Feb 1 17:41:43 webserver kernel: invalid opcode: 0000 [#1]
Feb 1 17:41:43 webserver kernel: SMP
Feb 1 17:41:43 webserver kernel: last sysfs file: /devices/pci0000:00/0000:00:00.0/irq
Feb 1 17:41:43 webserver kernel: Modules linked in: nls_utf8 ppdev nfs fscache nfsd exportfs lockd nfs_acl autofs4 hidp rfcomm l2cap bluetooth sunrpc ipv6 dm_multipath video sbs i2c_ec i2c_core button battery asus_acpi ac parport_pc lp parport st sg bnx2 ide_cd serio_raw cdrom pcspkr dm_snapshot dm_zero dm_mirror dm_mod aic79xx scsi_transport_spi megaraid_sas sd_mod scsi_mod ext3 jbd ehci_hcd ohci_hcd uhci_hcd
Feb 1 17:41:43 webserver kernel: CPU: 0
Feb 1 17:41:43 webserver kernel: EIP: 0060:[<c04e99ab>] Not tainted VLI
Feb 1 17:41:43 webserver kernel: EFLAGS: 00010296 (2.6.18-1.2868.fc6 #1)

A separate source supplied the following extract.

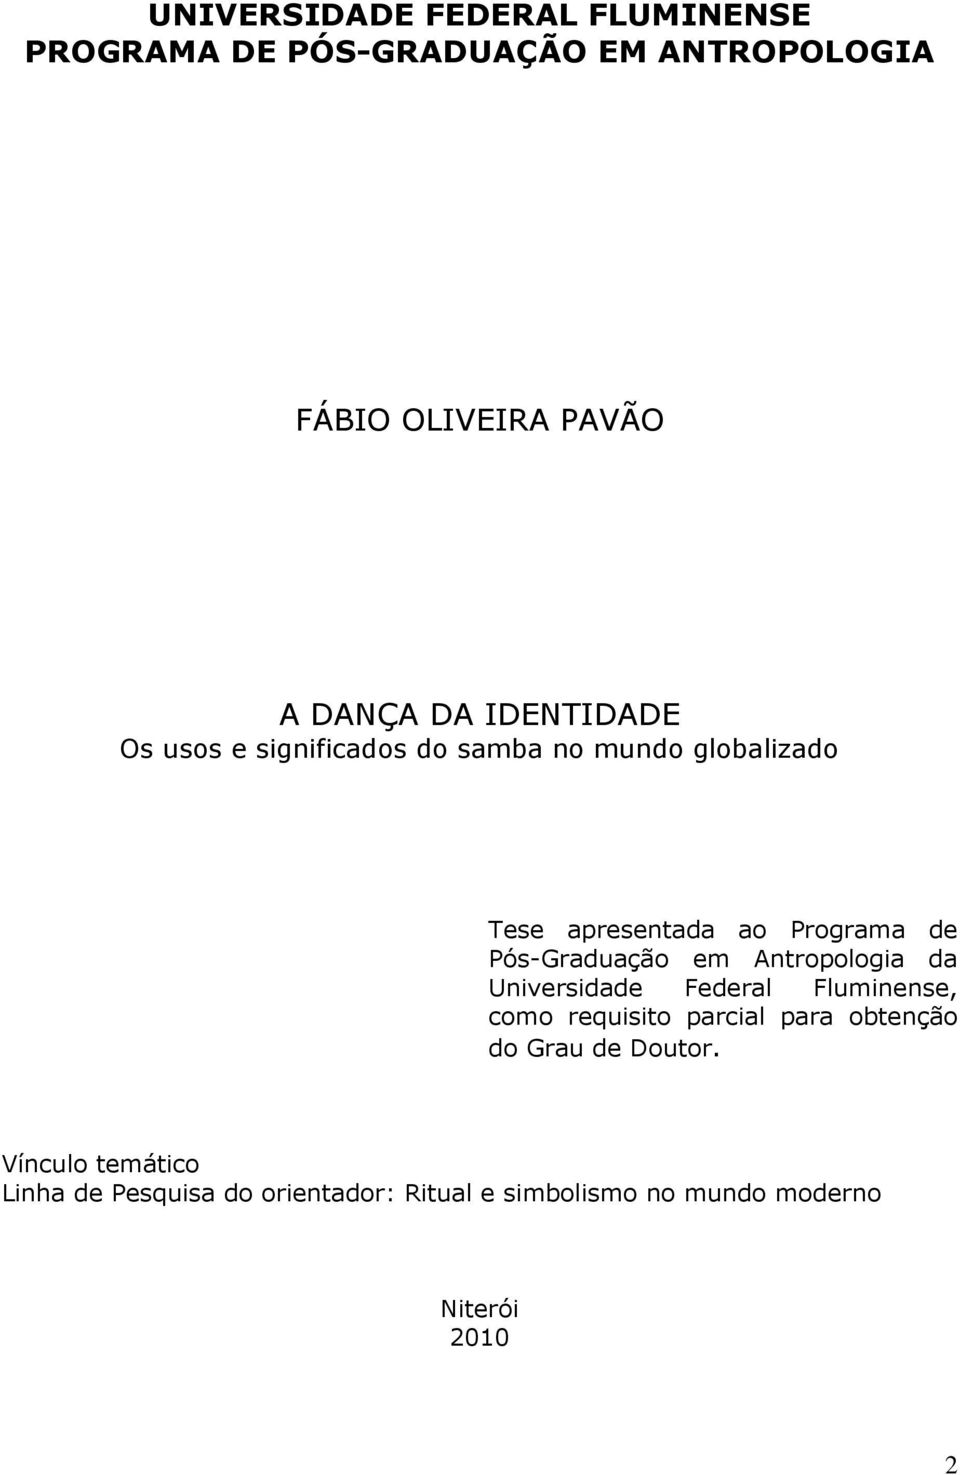 Pós-Graduação em Antropologia da Universidade Federal Fluminense, como requisito parcial para obtenção do

Feb 1 17:41:43 webserver kernel: EIP is at list_del+0x23/0x6c
Feb 1 17:41:43 webserver kernel: eax: 00000048 ebx: e52e0218 ecx: c067e1d0 edx: 00000096
Feb 1 17:41:43 webserver kernel: esi: e52e01c8 edi: f7d08240 ebp: 00000282 esp: f7feff38
Feb 1 17:41:43 webserver kernel: ds: 007b es: 007b ss: 0068
Feb 1 17:41:43 webserver kernel: Process events/0 (pid: 14, ti=f7fef000 task=f7d29140 task.ti=f7fef000)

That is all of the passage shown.